This spring Northern Illinois University Libraries seek support for two programs.
The first will move the libraries' Children's Collection to the first floor of Founders Memorial Library and purchase shelving, furniture, and other items to make the collection available to children and allow researchers to study its use. This program seeks $10,000. The Friends of NIU Libraries will provide a match of $350 for every $1000 raised.
The second program will digitize two sets of materials from the libraries' Special Collections and Archives Unit. NIU Libraries' popular culture collections receive heavy use, especially late nineteenth-century dime novels and juvenile series books.
The first portion of this program will digitize volumes of one of these publications and make them available to scholars and fans in an online format. The New York Family Story Paper was one of the most widely-circulated weeklies published at the end of the 19th century. Authors such as Laura Jean Libbey and Nellie Bly dominated its pages for over thirty years, contributing hundreds of stories, some out of print now for over a century, that challenged the conventions of earlier sentimental fiction by rejecting passive heroines in favor of canny working-girls and society women who experienced their own desires and were more proactive in the defense of their lives. NIU holds 947 issues. Each $1,000 raised will allow the Libraries to digitize, preserve, and make accessible 75 issues.

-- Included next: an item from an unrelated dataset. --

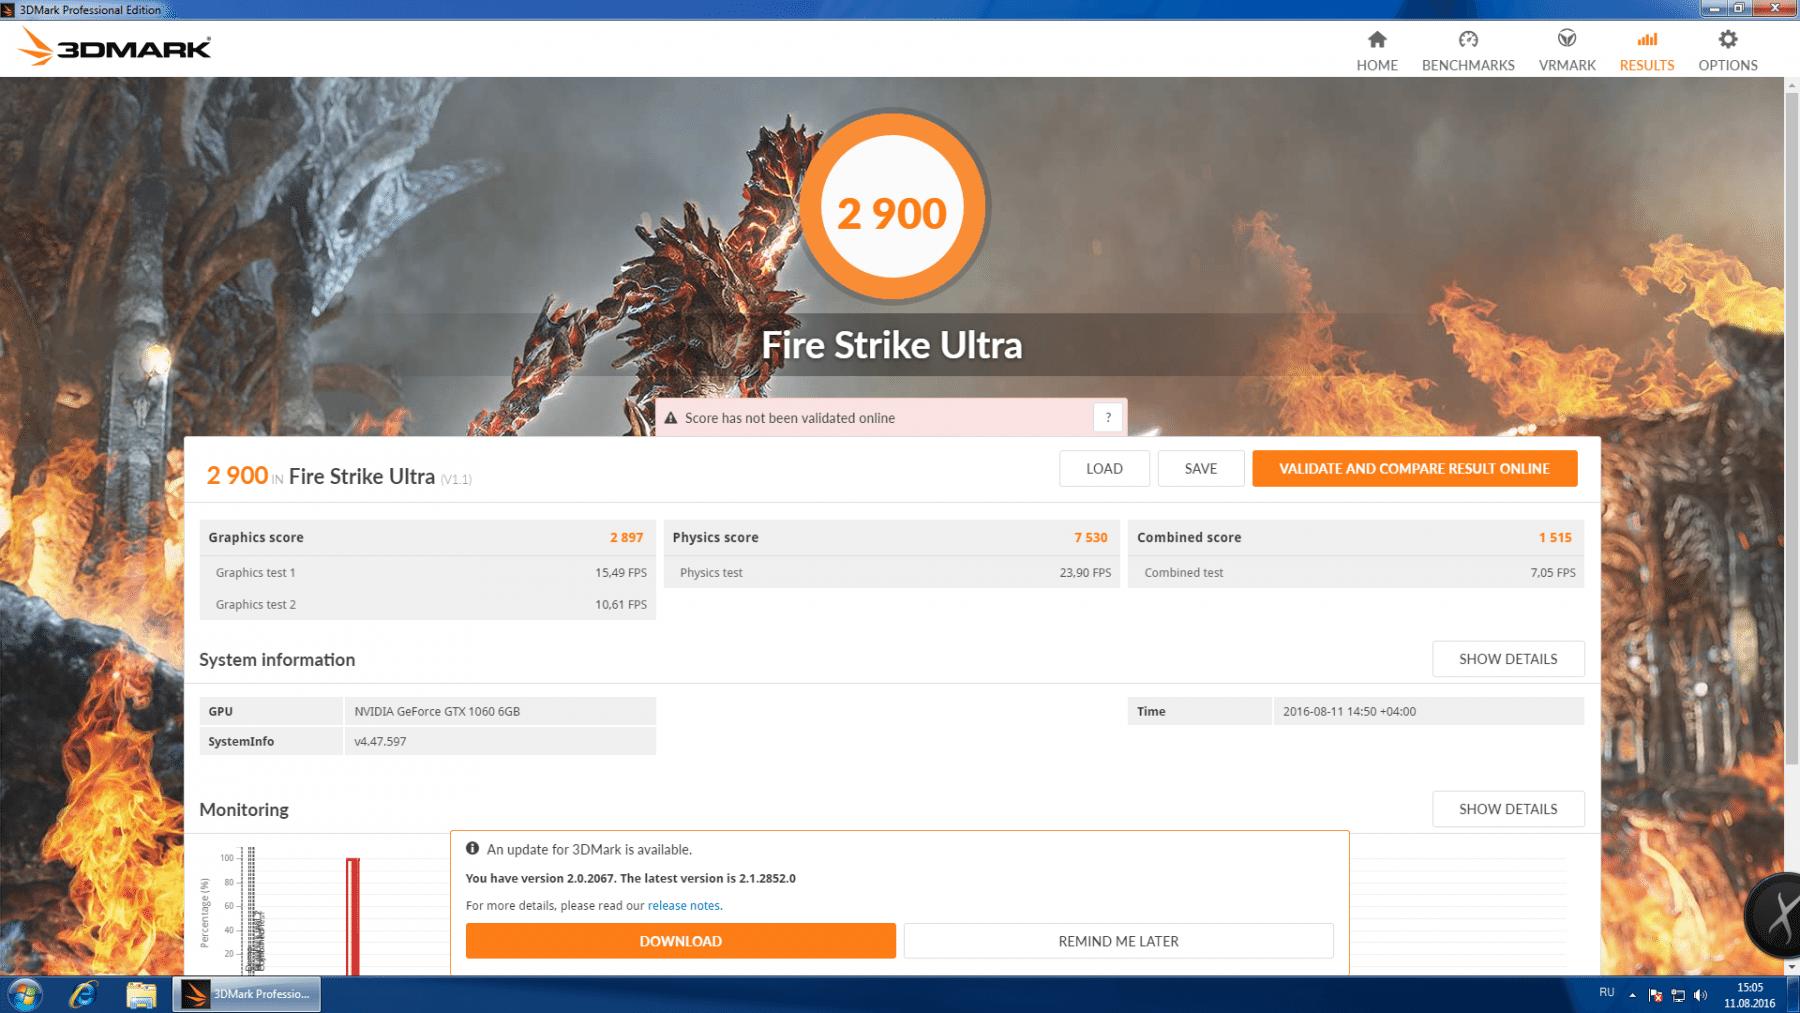 Intel Xeon E5-2609 v4 3dmark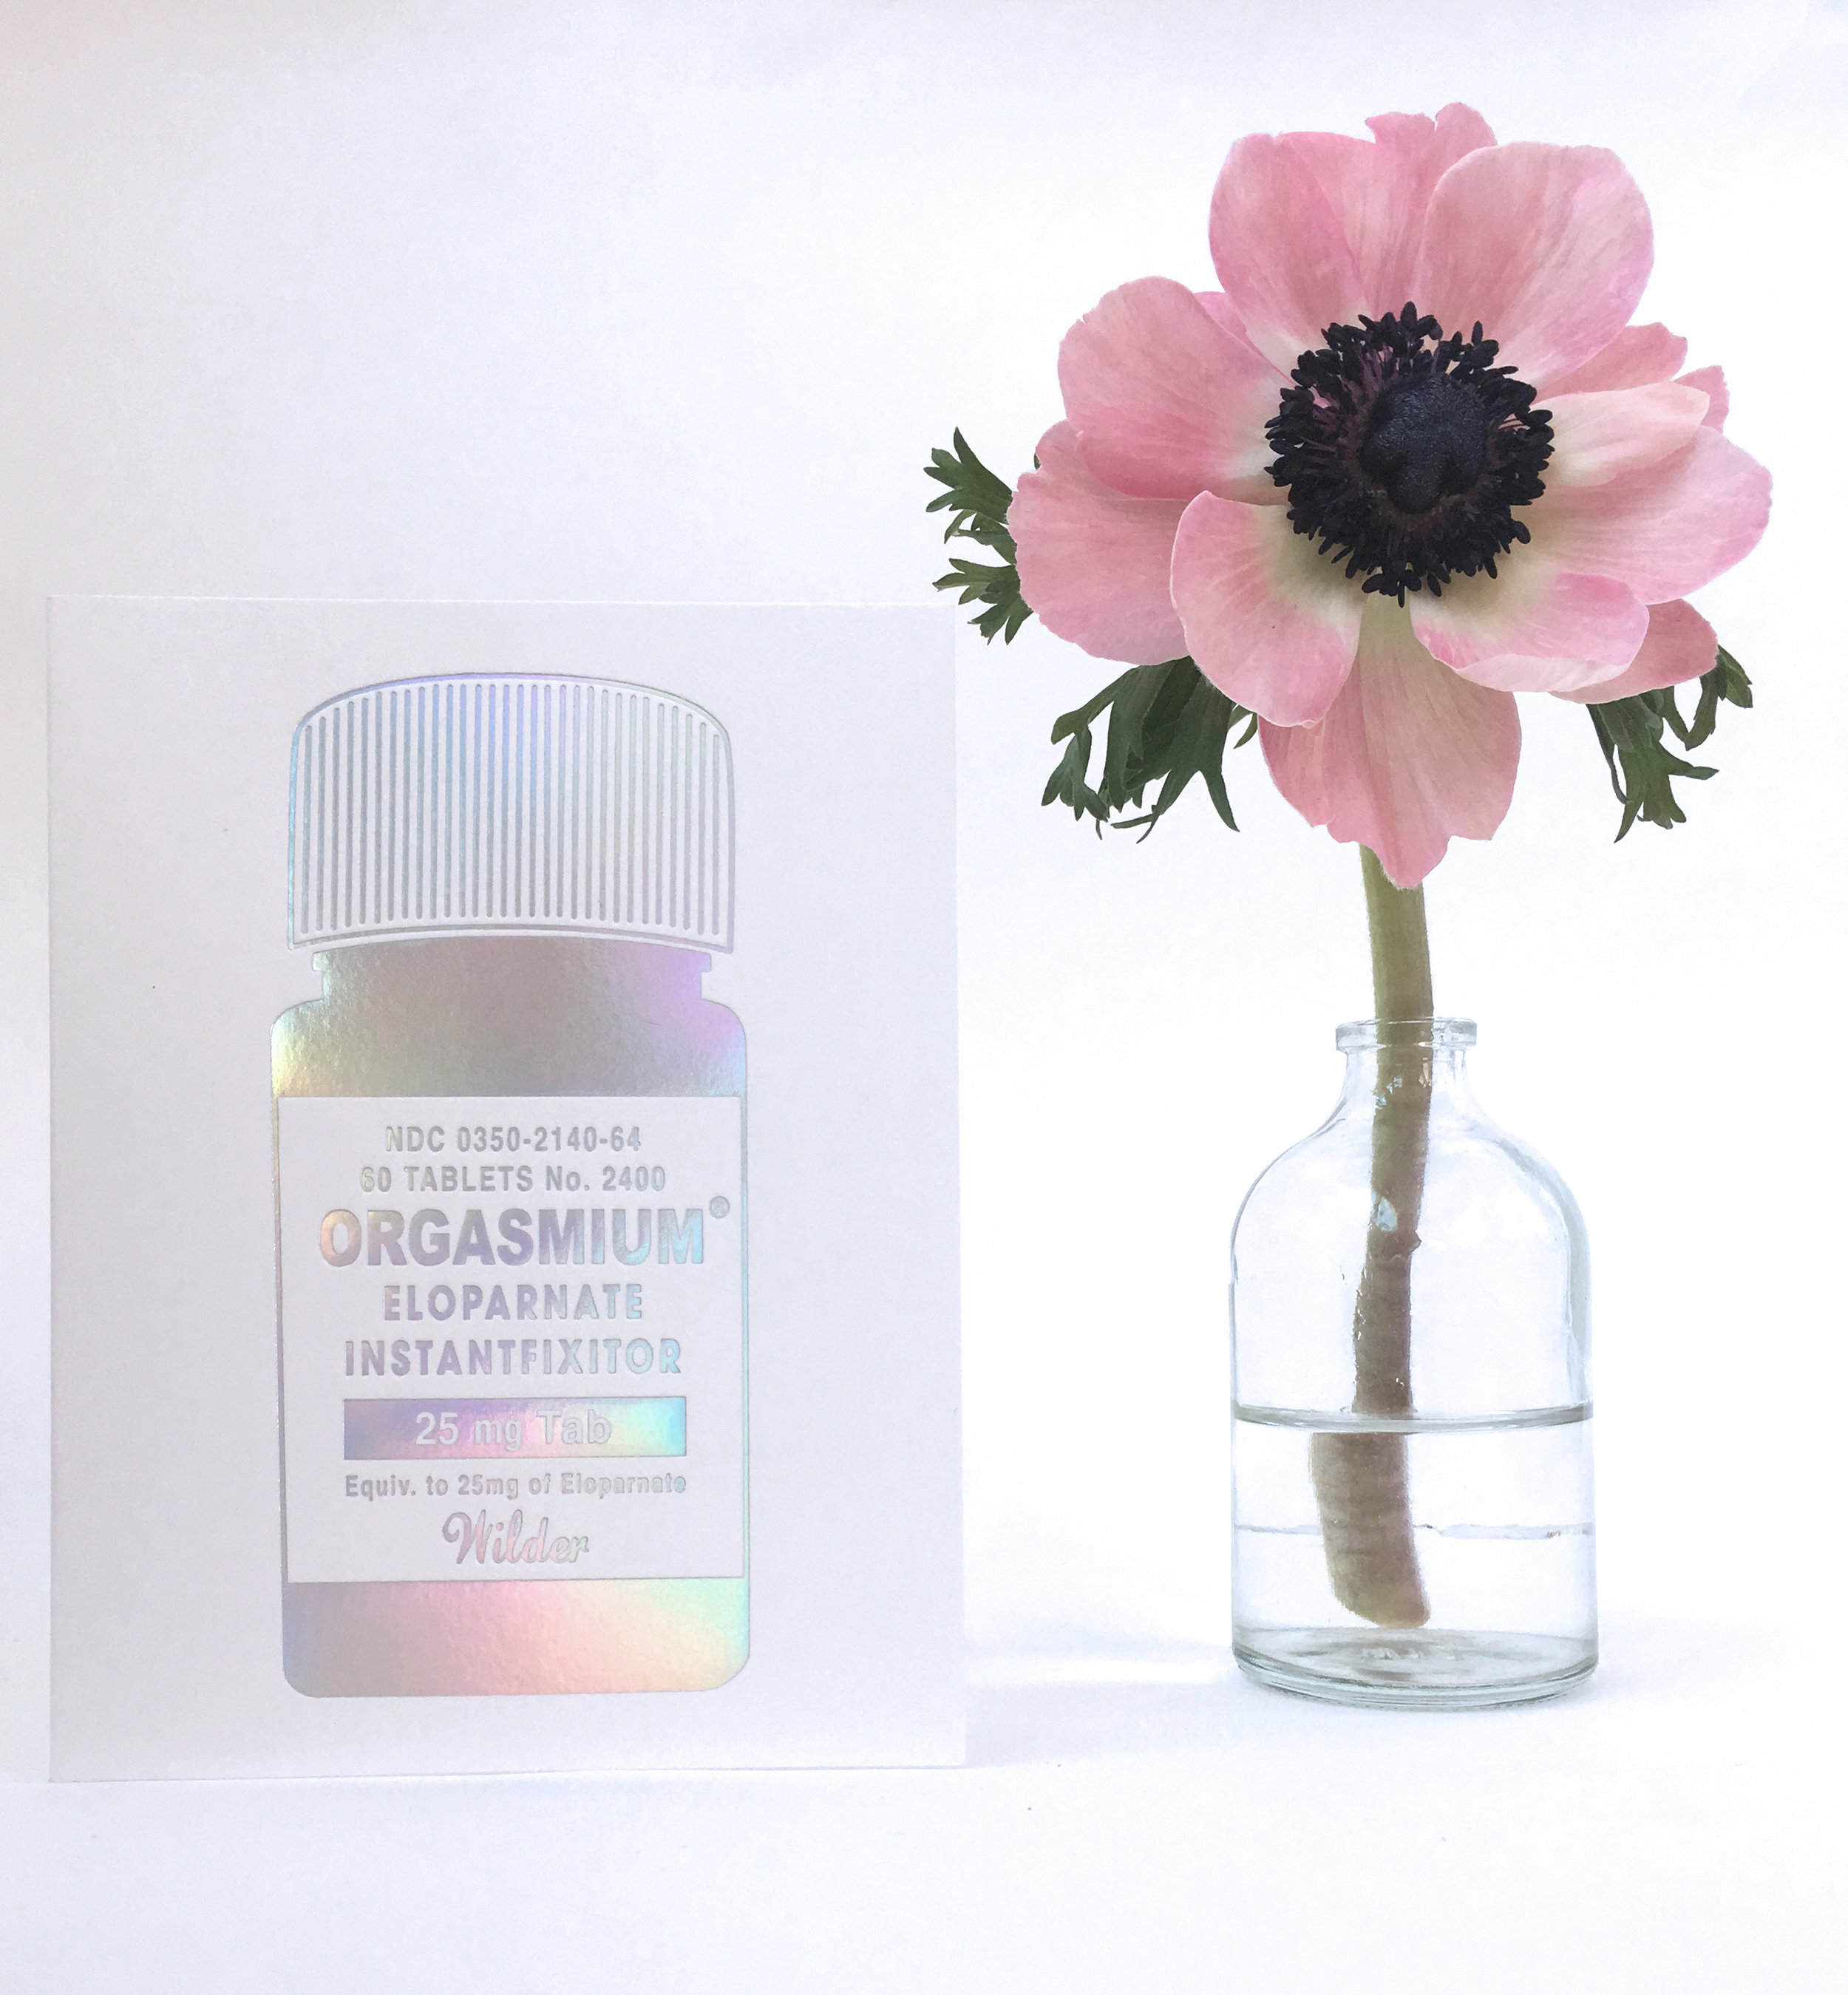 orgasmium card_1.jpg

The other project will digitize 50 serializations, short stories, and poems by Horatio Alger, making them available online as they originally appeared to the American reading public: in story papers and magazines. These will join other works by Alger from Good News and Street & Smith’s New York Weekly that are already in NIU’s Nickels and Dimes, a collection of over 13,000 digitized dime novels and story papers. This project seeks to raise $795. The Horatio Alger Society will match the first $395 raised for this project dollar-for-dollar.